After the Account ID is in place, select the authentication method that matches the Cloudflare setup: Select Authentication Method
  1. Select API Token.
  2. Enter the User API Token created in the Cloudflare Dashboard. API Token Form
Use this method for scoped, least-privilege access. Full setup steps are in the Authentication guide.

API Key and Email Authentication (Legacy)

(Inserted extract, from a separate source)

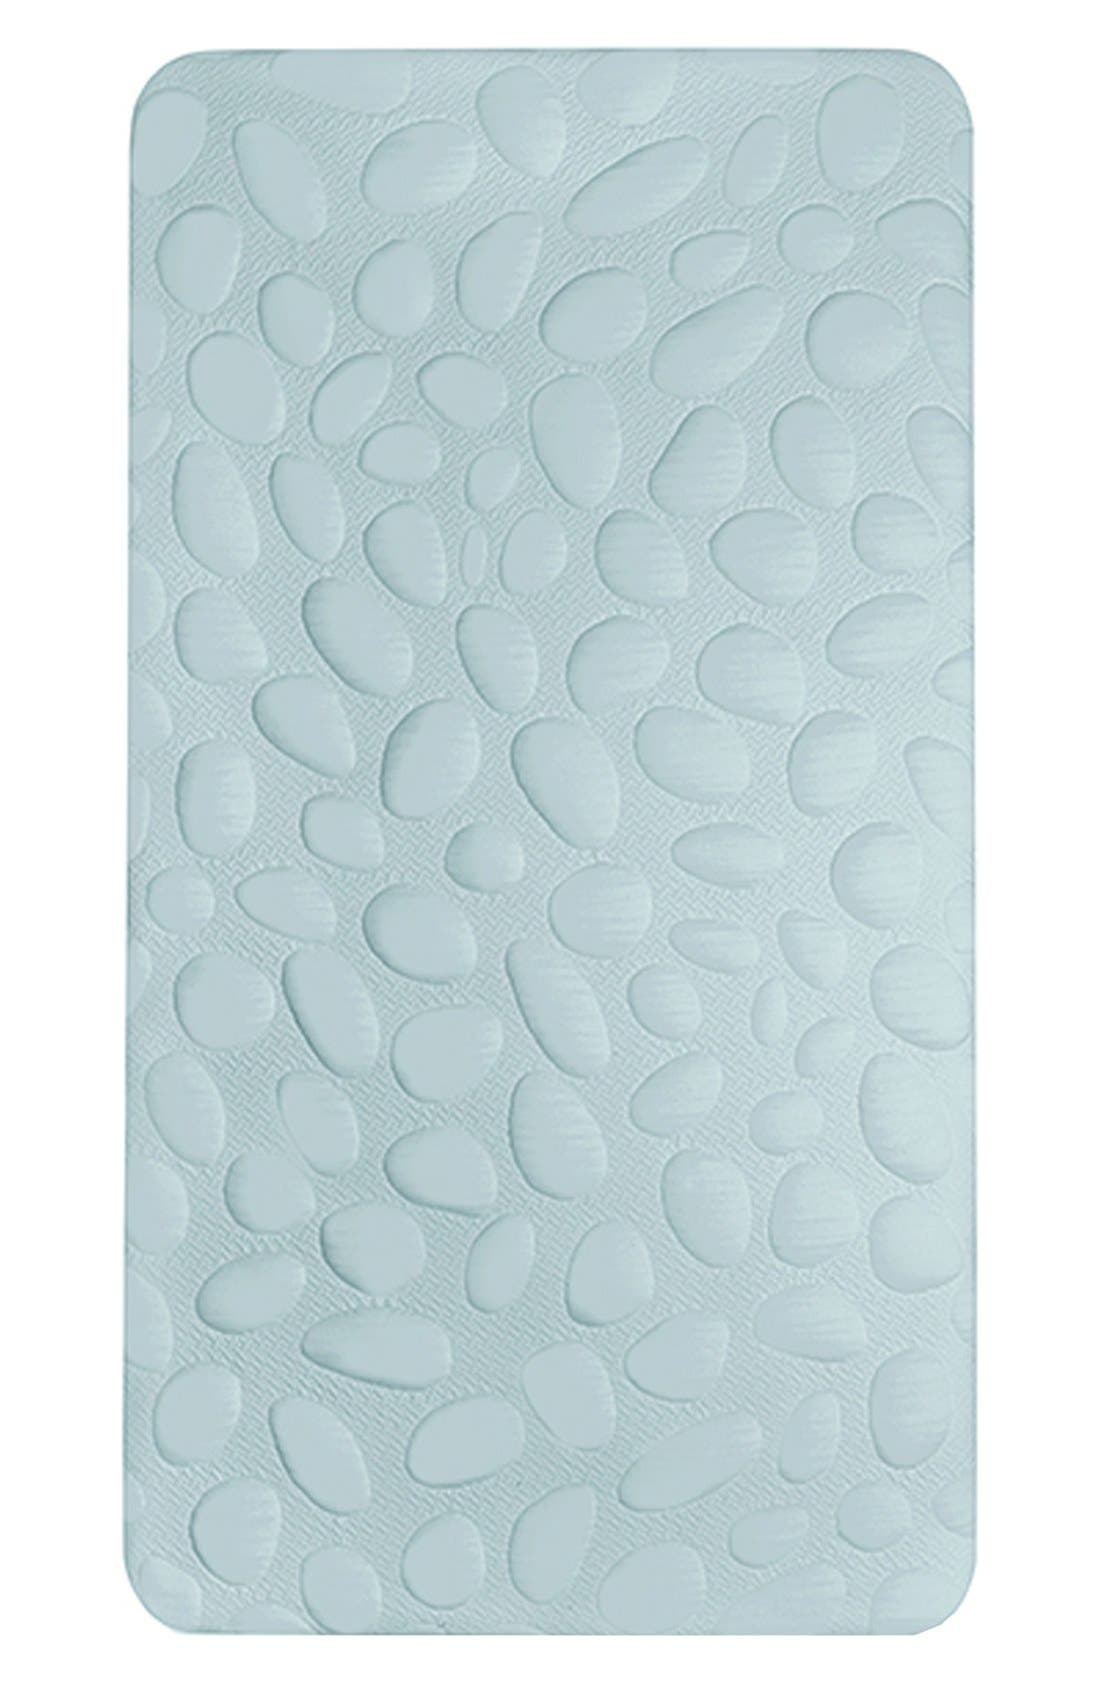 Nook Sleep Systems 'Pebble Air' Crib Mattress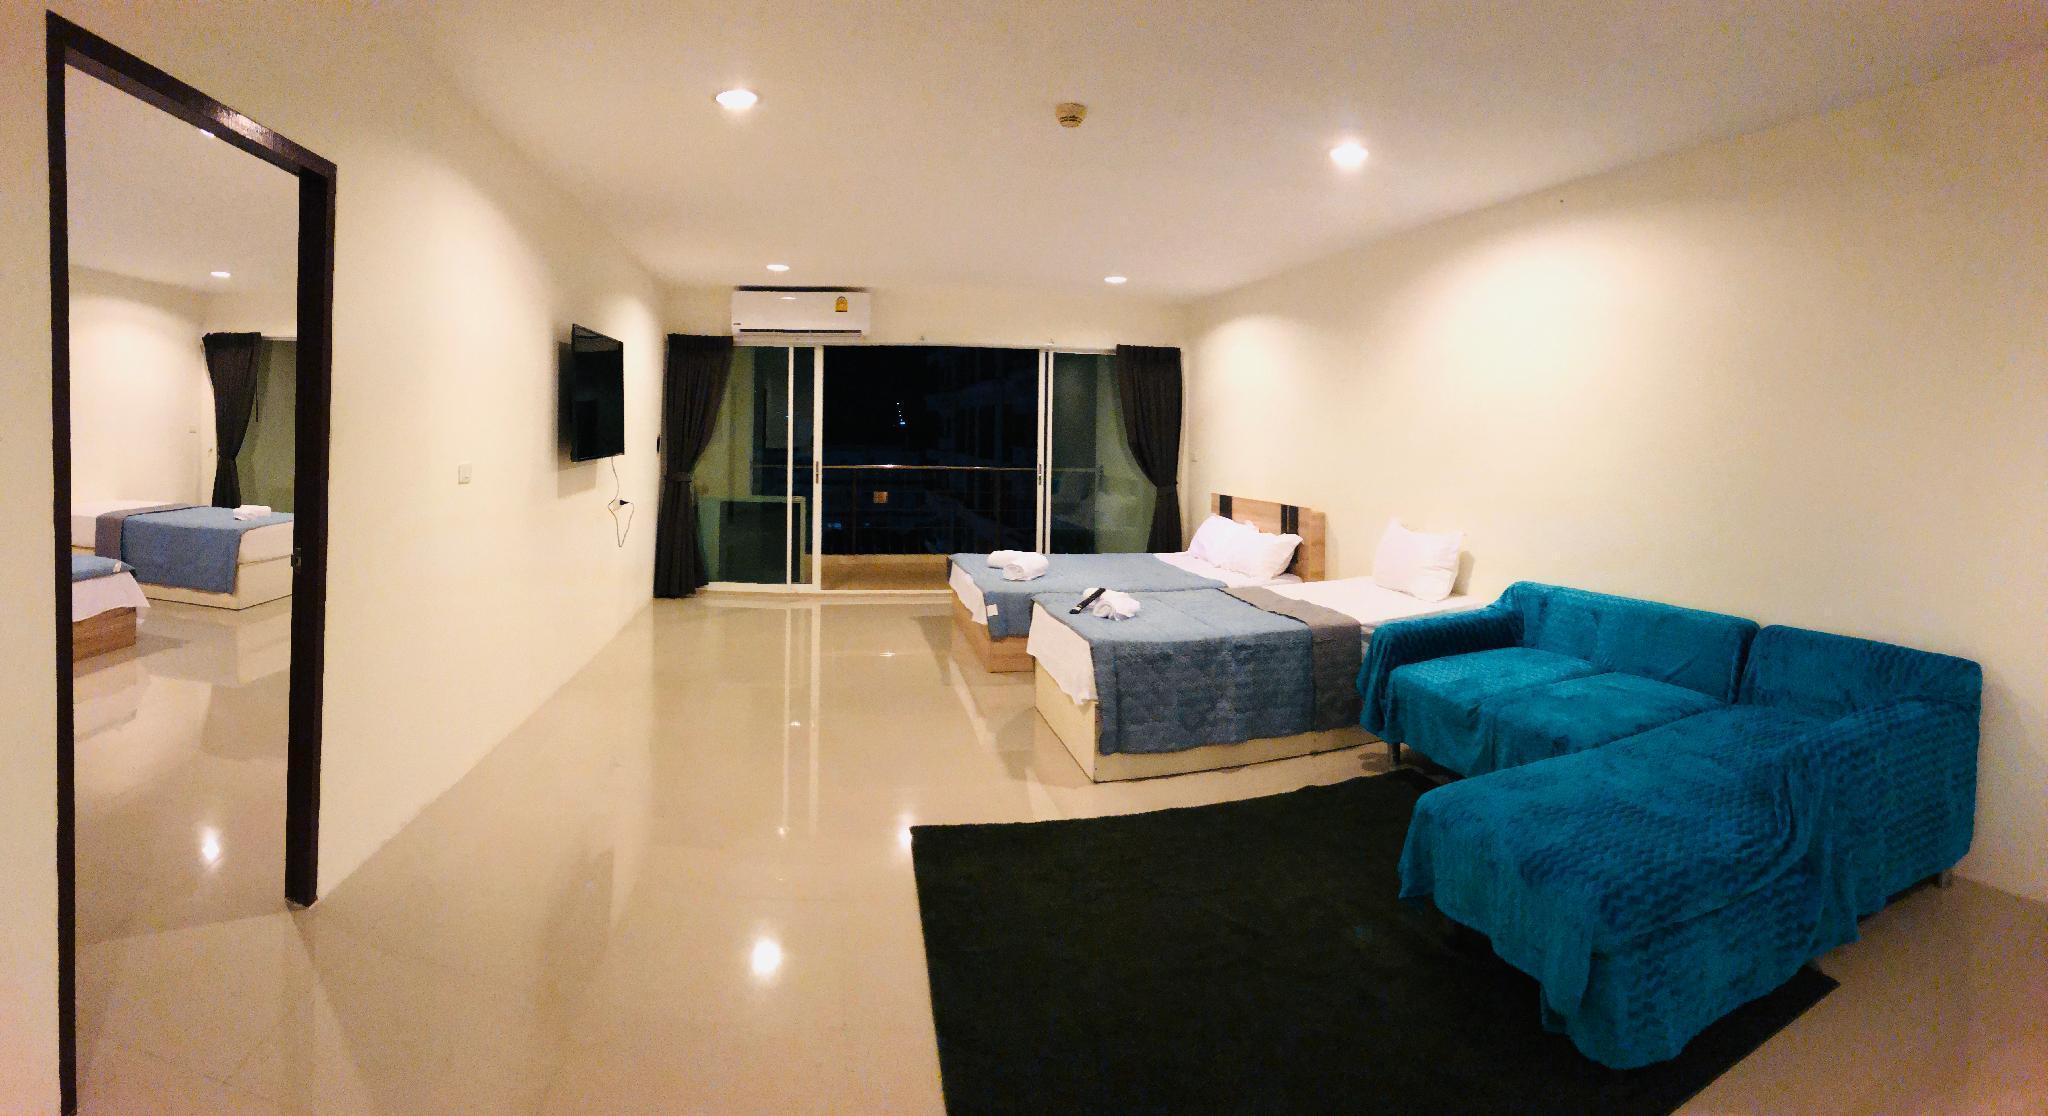 Pattaya two bedroom four bed luxury family room อพาร์ตเมนต์ 2 ห้องนอน 1 ห้องน้ำส่วนตัว ขนาด 110 ตร.ม. – เทพประสิทธิ์

  1. Select API Key + Email.
  2. Enter the Global API Key.
  3. Enter the email address associated with the Cloudflare account. API Key and Email Form
For the complete setup workflow, follow the Authentication guide.

Step 4: Launch the Scan

  1. Review the summary.
  2. Click Launch Scan to start auditing Cloudflare. Launch Scan

Prowler CLI

Added in: 5.17.0

Step 1: Set Up Authentication

Choose the matching method from the Cloudflare Authentication guide:
  • User API Token (recommended): Set CLOUDFLARE_API_TOKEN
  • API Key + Email (legacy): Set CLOUDFLARE_API_KEY and CLOUDFLARE_API_EMAIL

Step 2: Run the First Scan

Run a baseline scan after credentials are configured: 
prowler cloudflare
Prowler automatically discovers all zones accessible with the provided credentials and runs security checks against them.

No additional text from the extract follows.